▶ [Exercise requirements]: Write the listing out again word for word, excluding any pictures.

▶ [Exercise data]:
[Start of section]
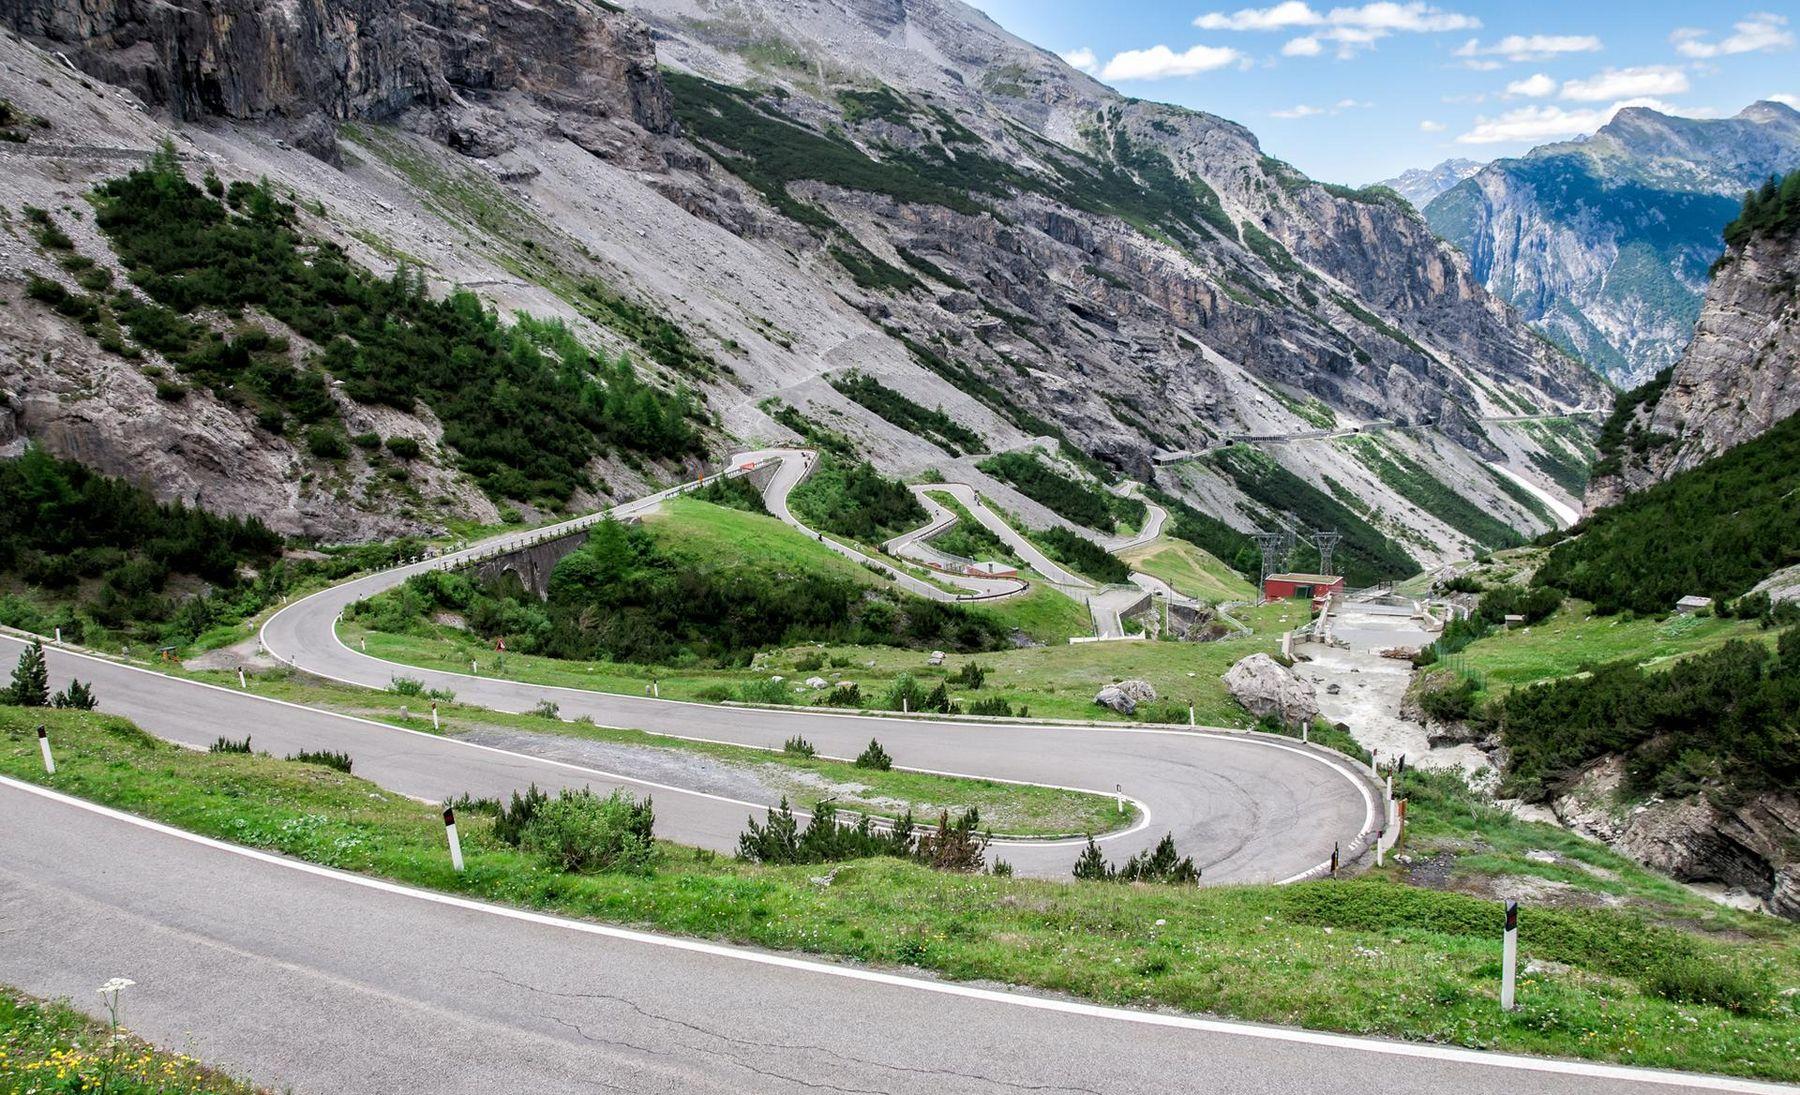 Stilfser Joch Italien Alpen iStock 182276503
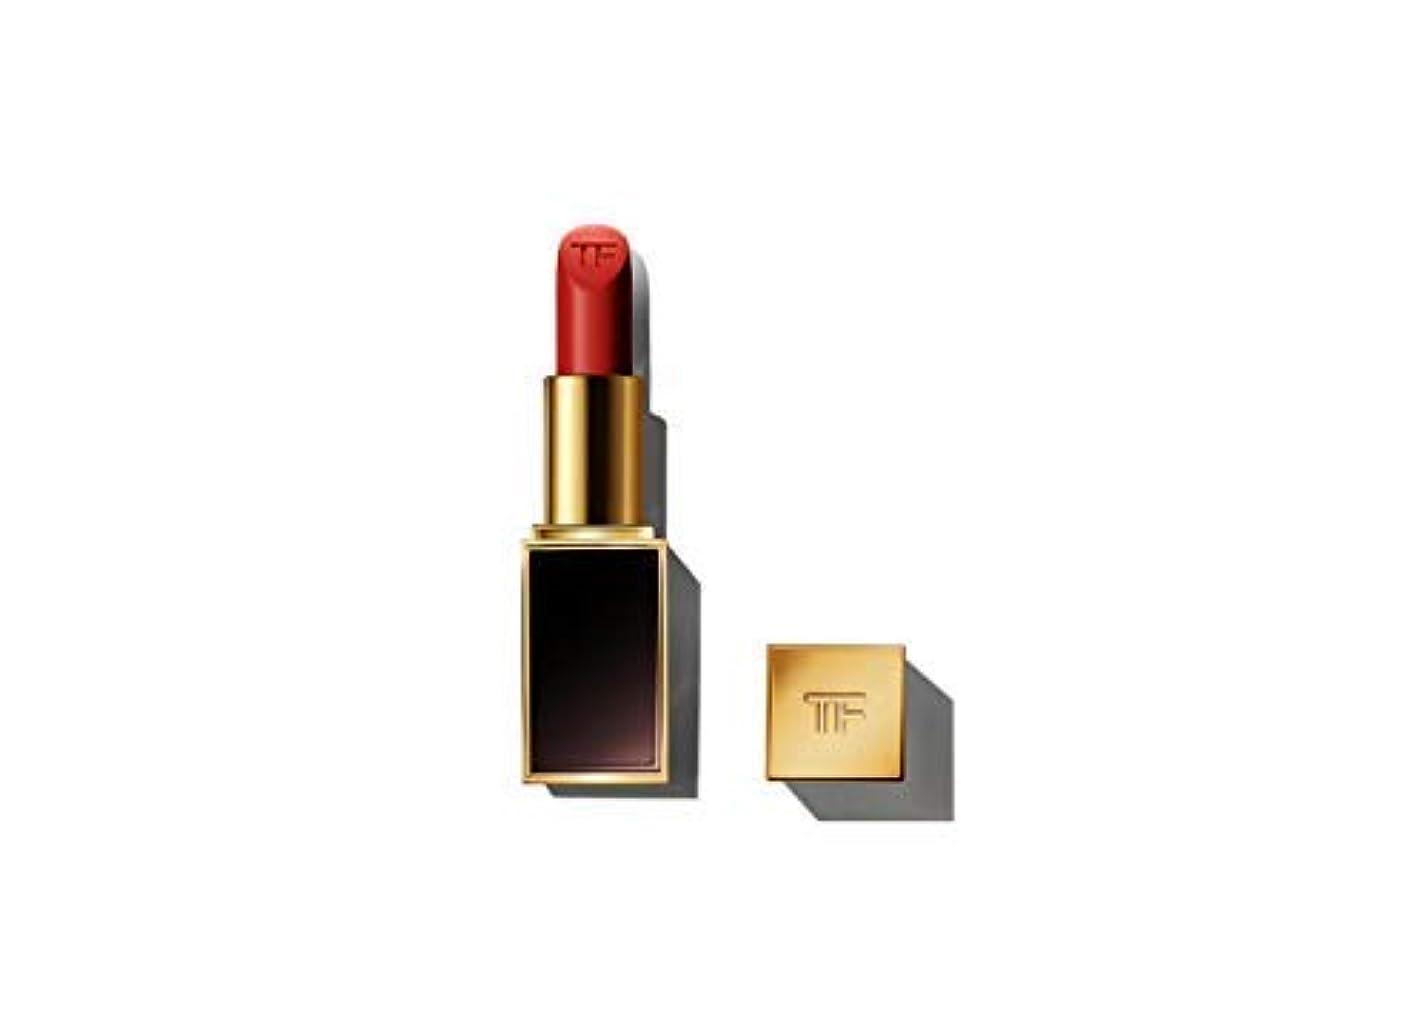 放棄された感覚きょうだいTom Ford Lipstick Lip Color Matte Made in Belgium 3 g - 07 Ruby Rush?/ トムフォードリップスティックリップカラーマットベルギー製3 g - 07ルビーラッシュ
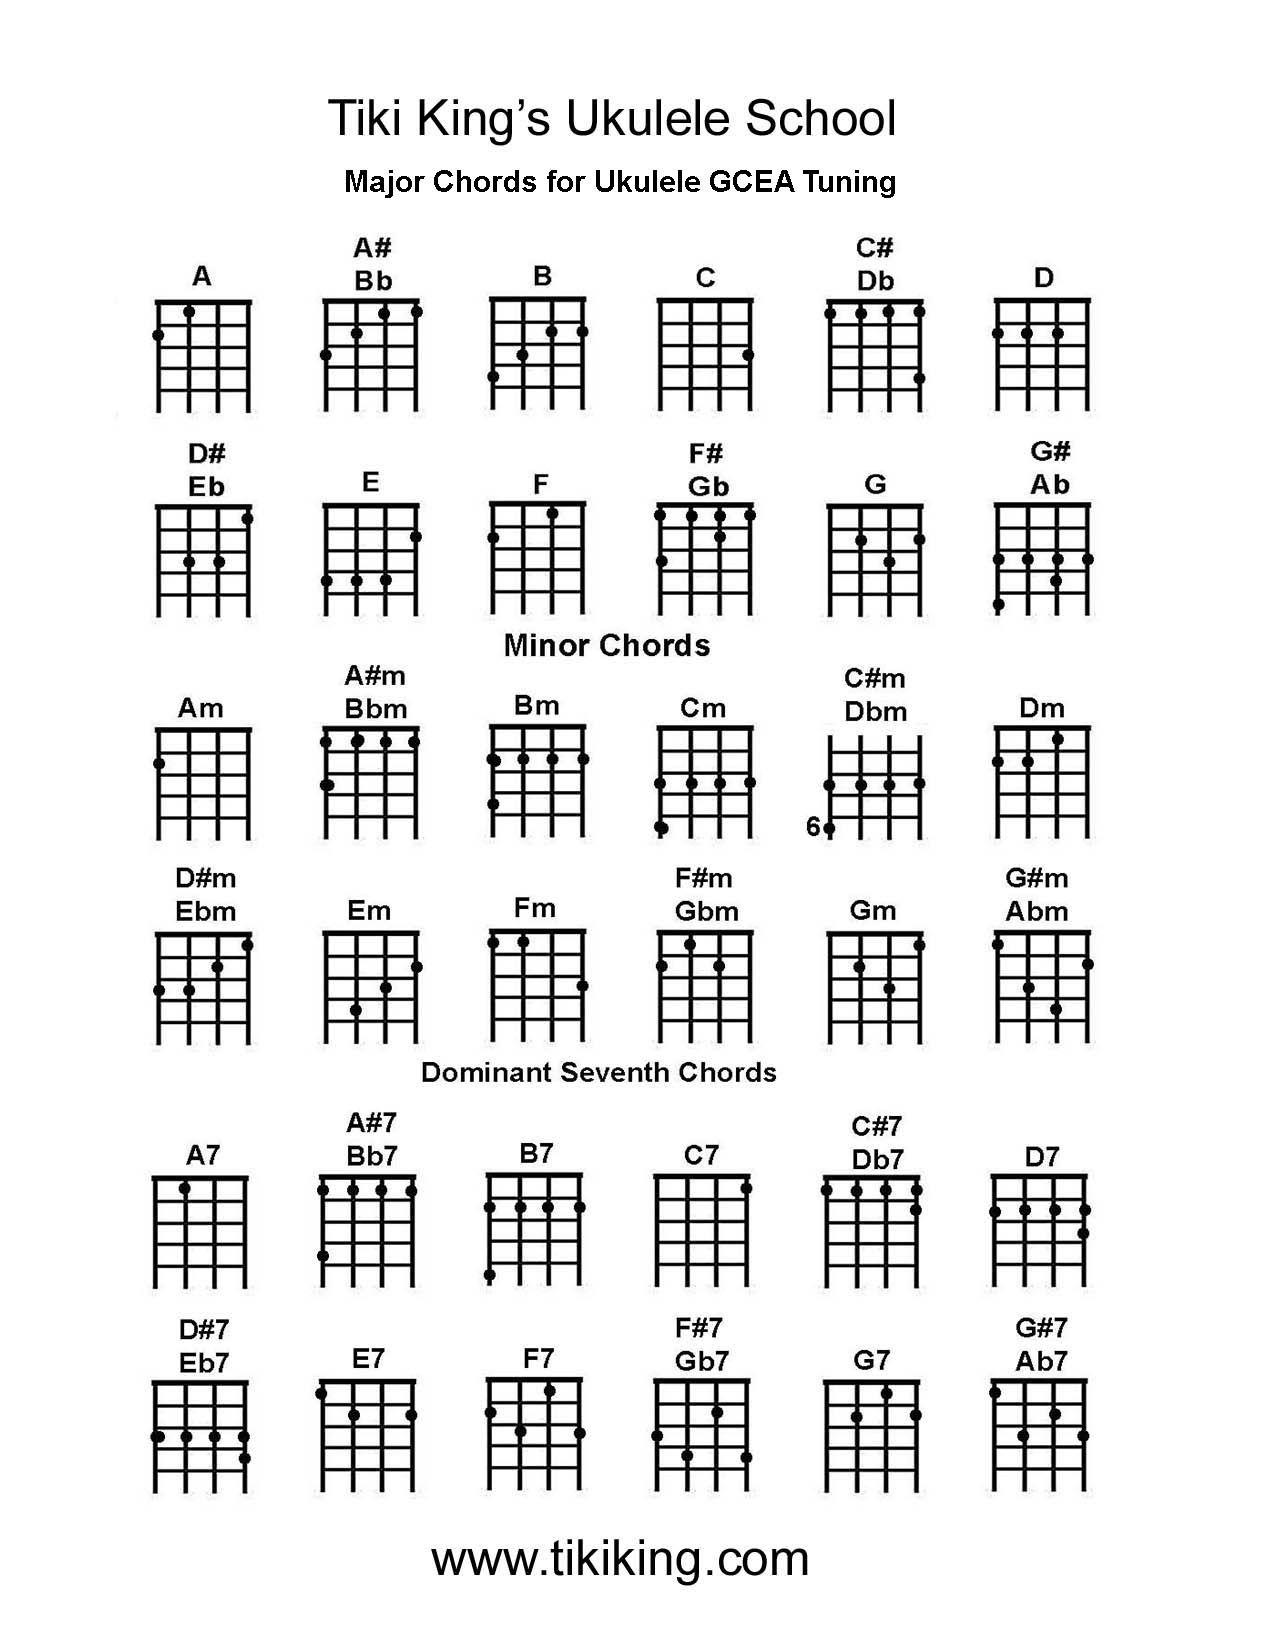 chord chart11 1275—1650
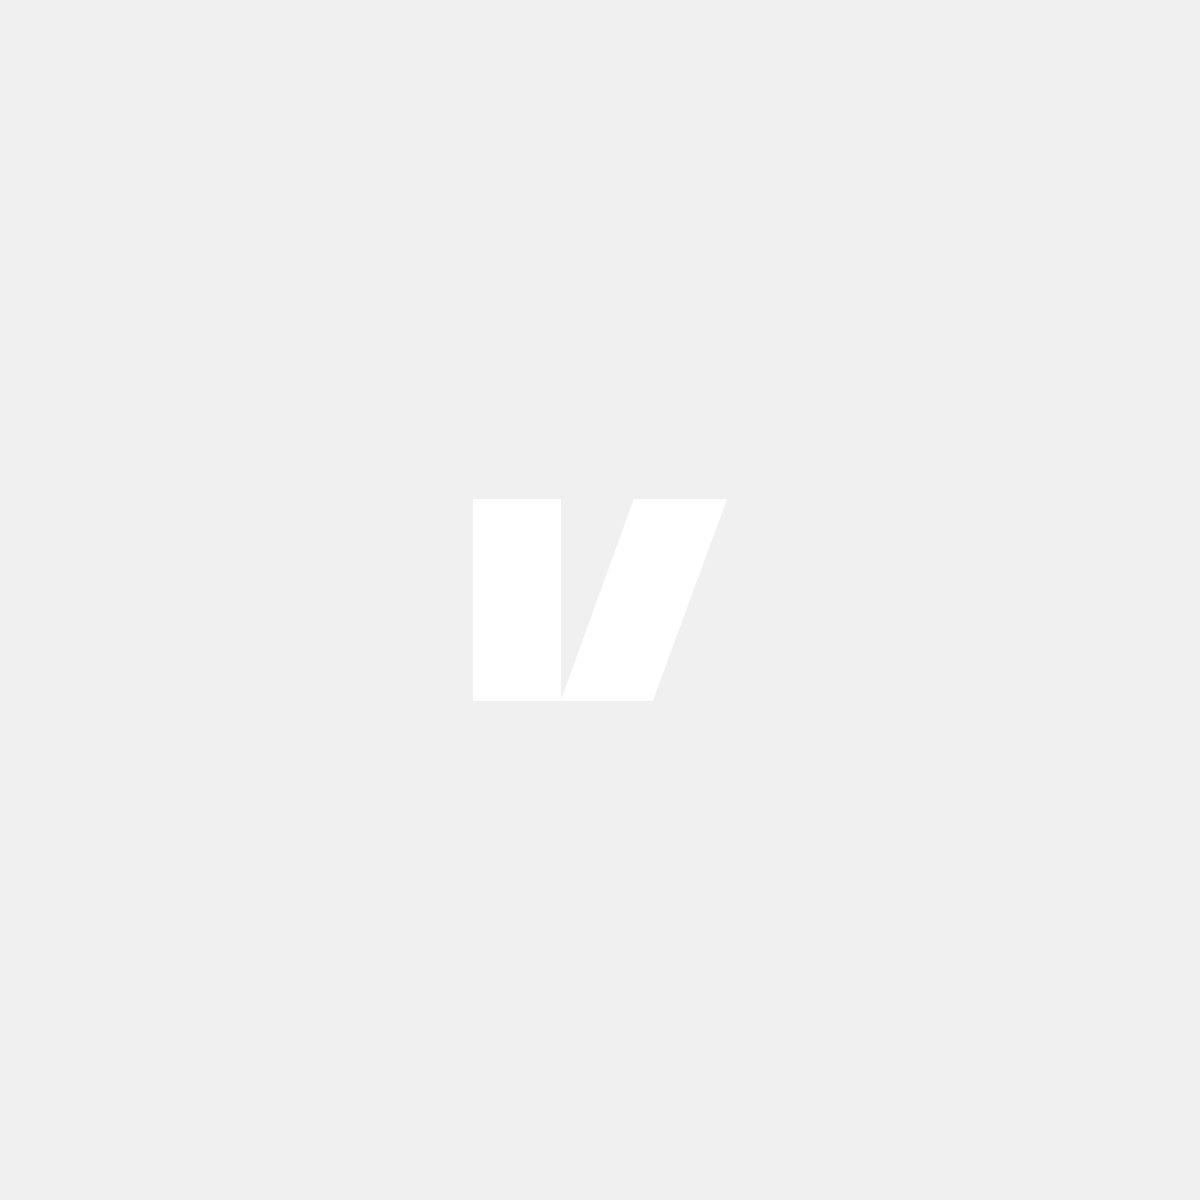 Lasthållare / takräcke med vingprofil till Volvo V70 00-07
[End of section]
▶ [Result]:
 Stilfser Joch Italien Alpen iStock 182276503
 放棄された感覚きょうだいTom Ford Lipstick Lip Color Matte Made in Belgium 3 g - 07 Ruby Rush?/ トムフォードリップスティックリップカラーマットベルギー製3 g - 07ルビーラッシュ
 chord chart11 1275—1650
 Lasthållare / takräcke med vingprofil till Volvo V70 00-07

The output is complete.